§ **ASSIGNMENT**: In your copy, reproduce each entry exactly and leave out the pictures.

§ **RECORD EXTRACTS**:

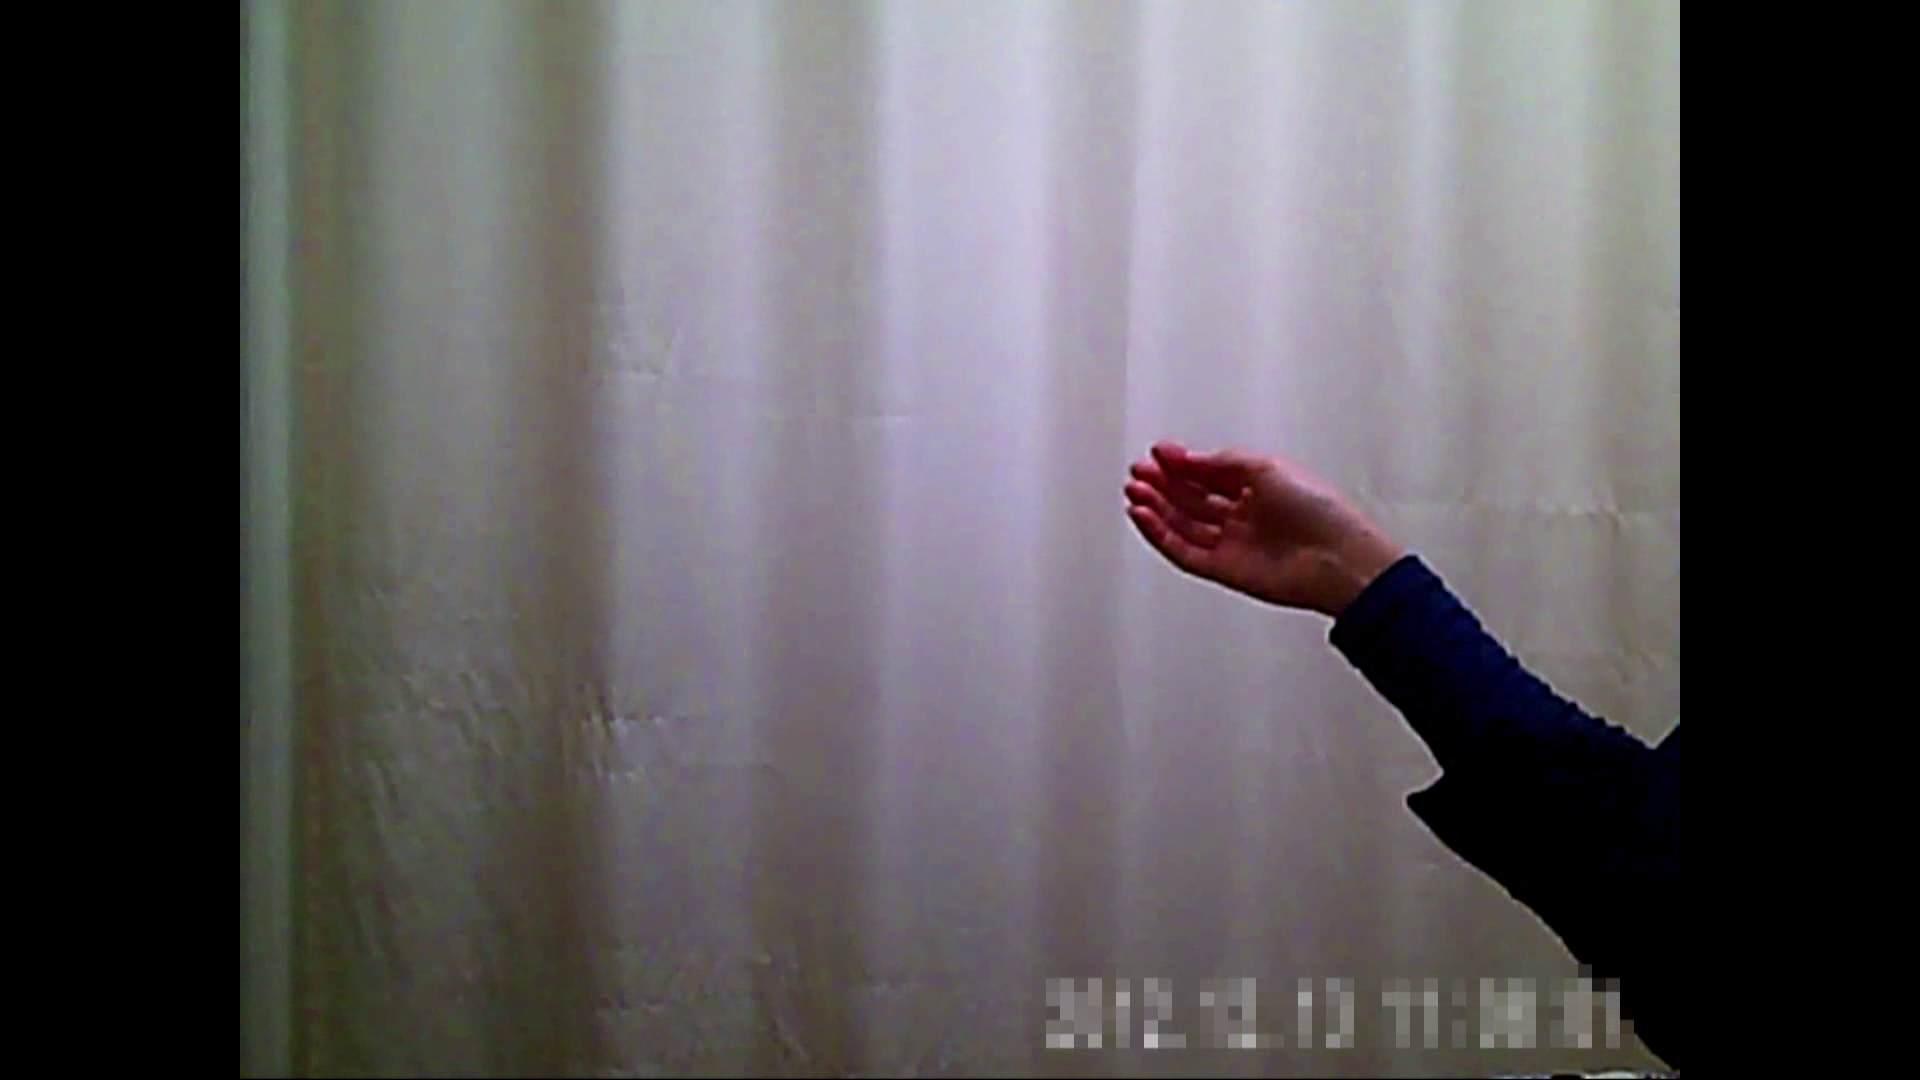 アダルトエロ動画|元医者による反抗 更衣室地獄絵巻 vol.120|怪盗ジョーカー
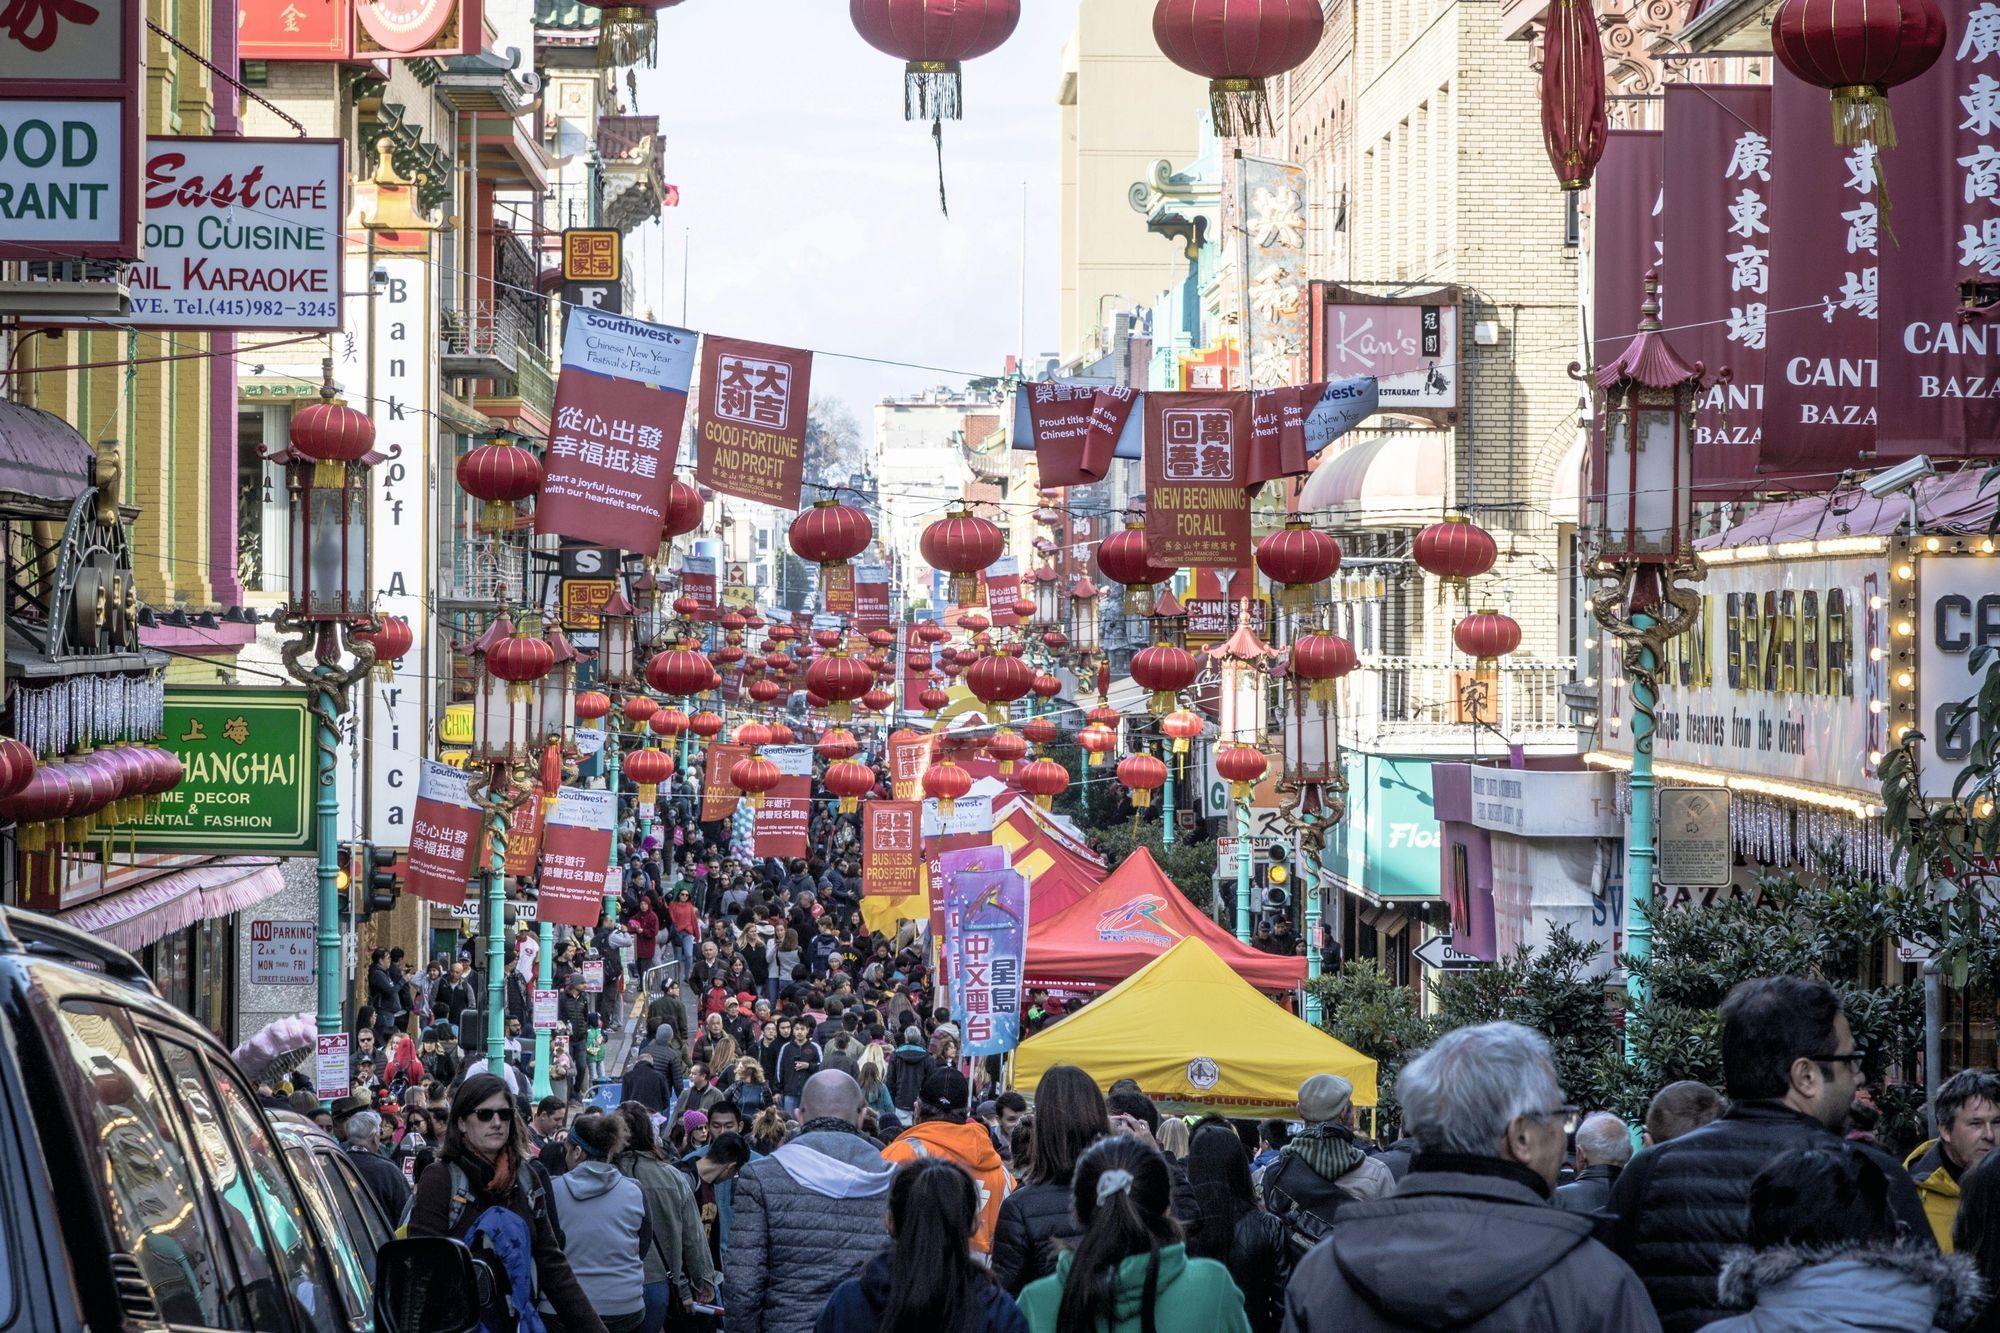 Célébration du nouvel an chinois à San Francisco (2018)
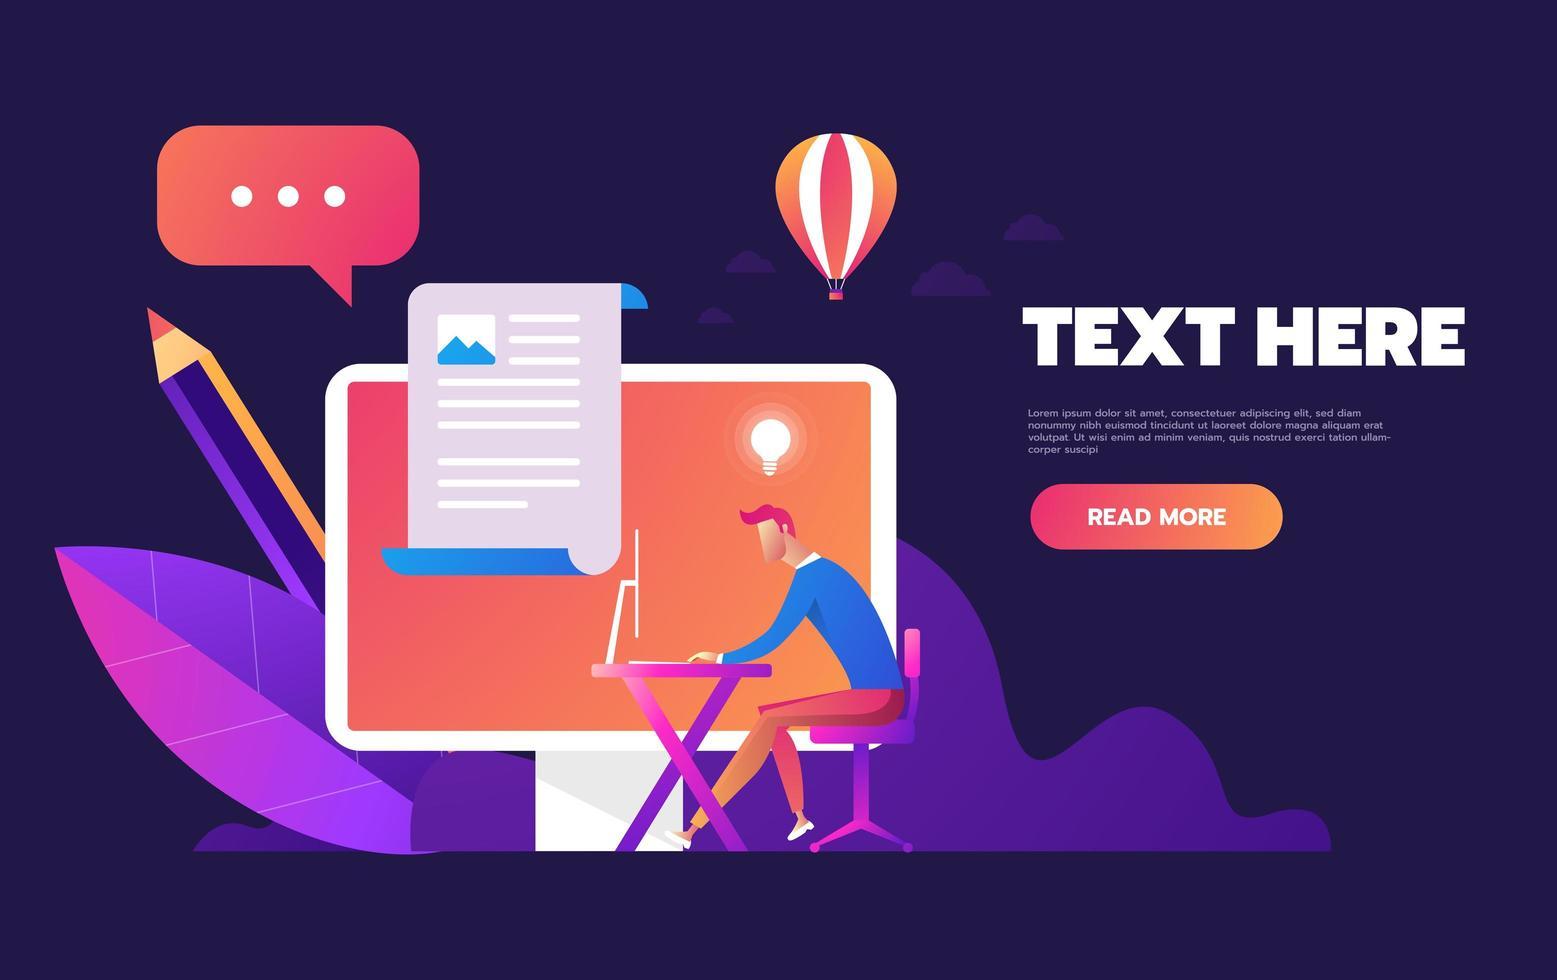 página de login no conceito de tela do celular vetor
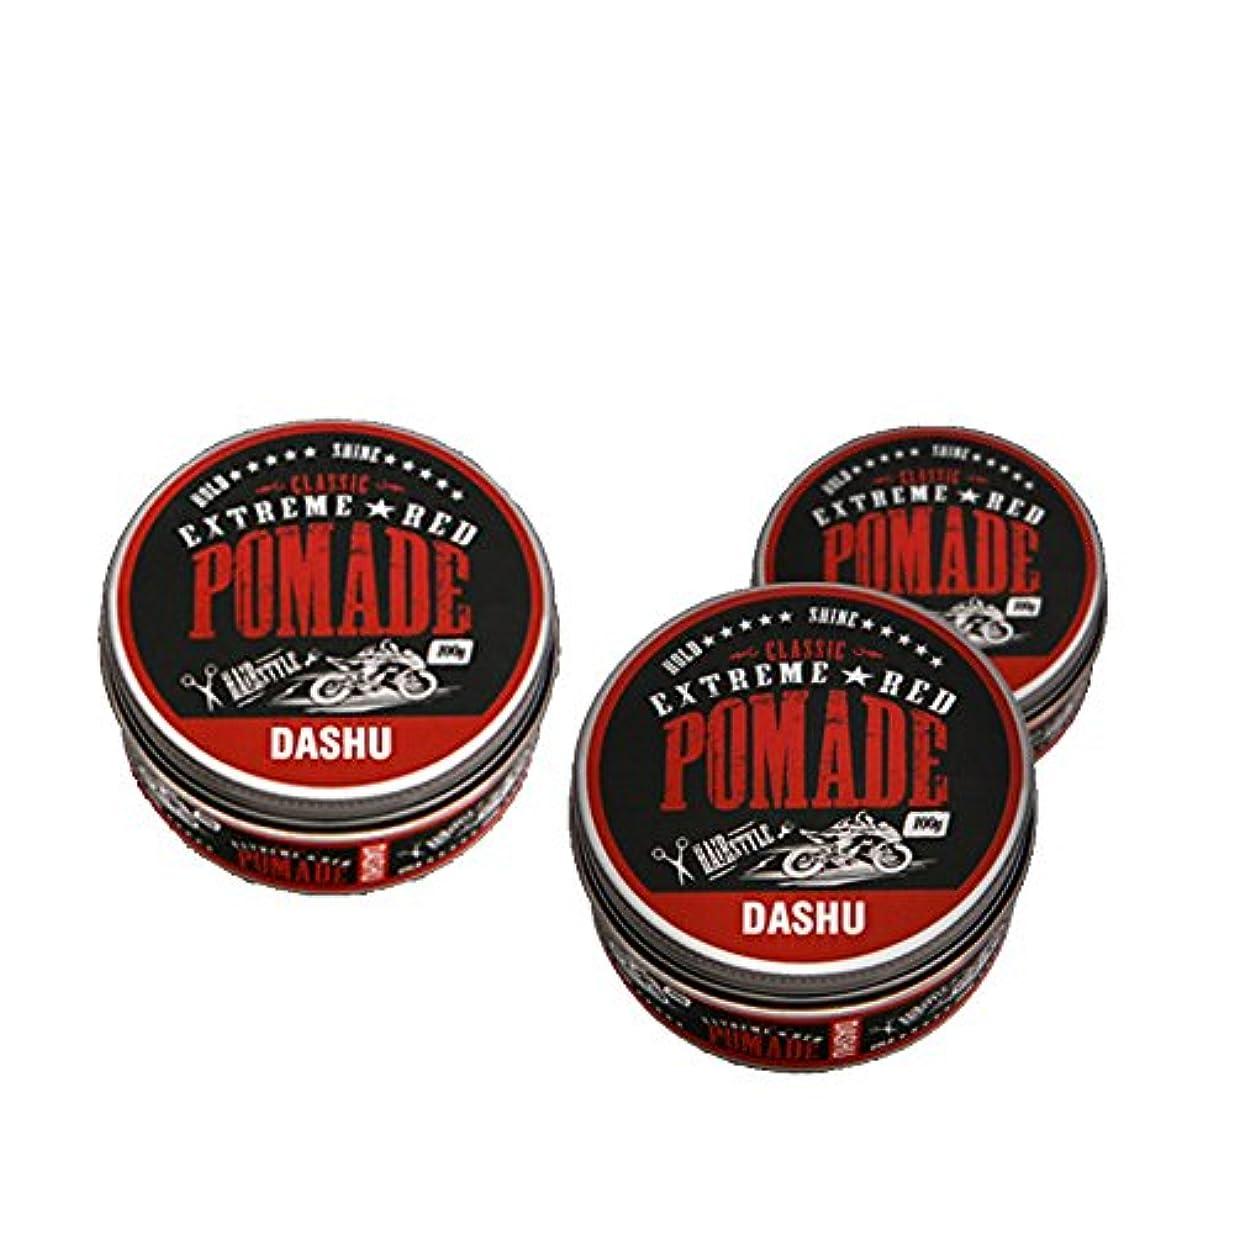 ピッチふざけたテラス(3個セット) x [DASHU] ダシュ クラシックエクストリームレッドポマード Classic Extreme Red Pomade Hair Wax 100ml / 韓国製 . 韓国直送品
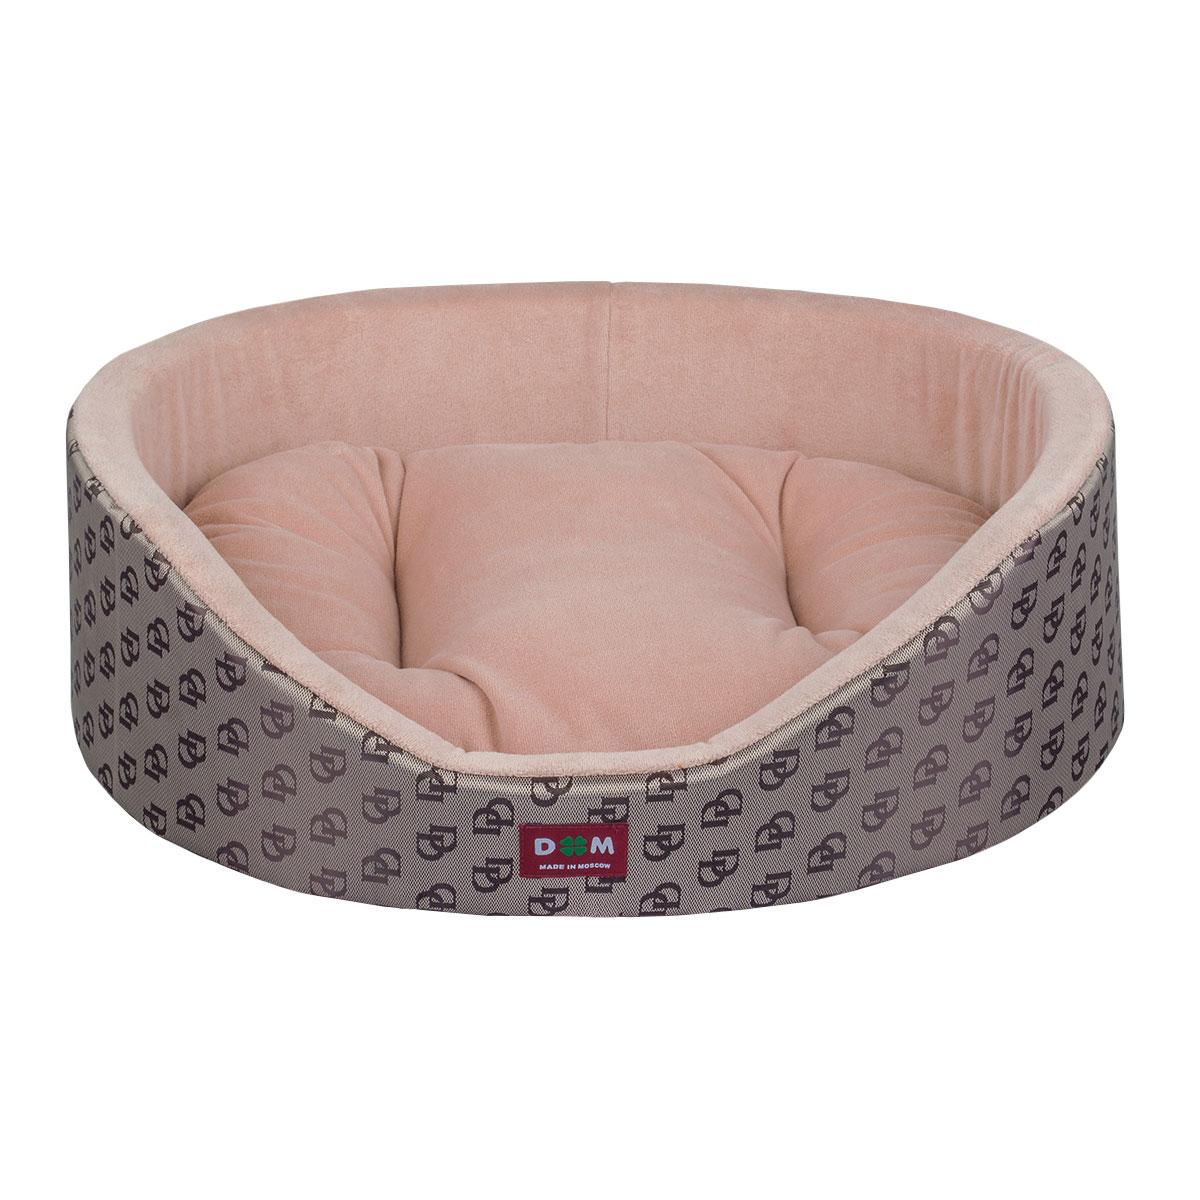 Лежак для животных Dogmoda Профи, цвет: пепель-розовый, коричневый, 53 х 50 х 16 смDM-160269-3Уютный лежак для животных Dogmoda Профи обязательно понравится вашему питомцу. В нем питомец будет счастлив, так как лежак очень мягкий и приятный. Он будет проводить все свое свободное время в нем, отдыхать, наслаждаясь удобством. Лежак выполнен из мягкой качественной ткани, также имеется подушка, которая легко вынимается и ее можно использовать отдельно.

§ **SOLUTION TO THIS PROBLEM**:
 アダルトエロ動画|元医者による反抗 更衣室地獄絵巻 vol.120|怪盗ジョーカー
 Célébration du nouvel an chinois à San Francisco (2018)
 página de login no conceito de tela do celular vetor
 ピッチふざけたテラス(3個セット) x [DASHU] ダシュ クラシックエクストリームレッドポマード Classic Extreme Red Pomade Hair Wax 100ml / 韓国製 . 韓国直送品
 Лежак для животных Dogmoda Профи, цвет: пепель-розовый, коричневый, 53 х 50 х 16 смDM-160269-3Уютный лежак для животных Dogmoda Профи обязательно понравится вашему питомцу. В нем питомец будет счастлив, так как лежак очень мягкий и приятный. Он будет проводить все свое свободное время в нем, отдыхать, наслаждаясь удобством. Лежак выполнен из мягкой качественной ткани, также имеется подушка, которая легко вынимается и ее можно использовать отдельно.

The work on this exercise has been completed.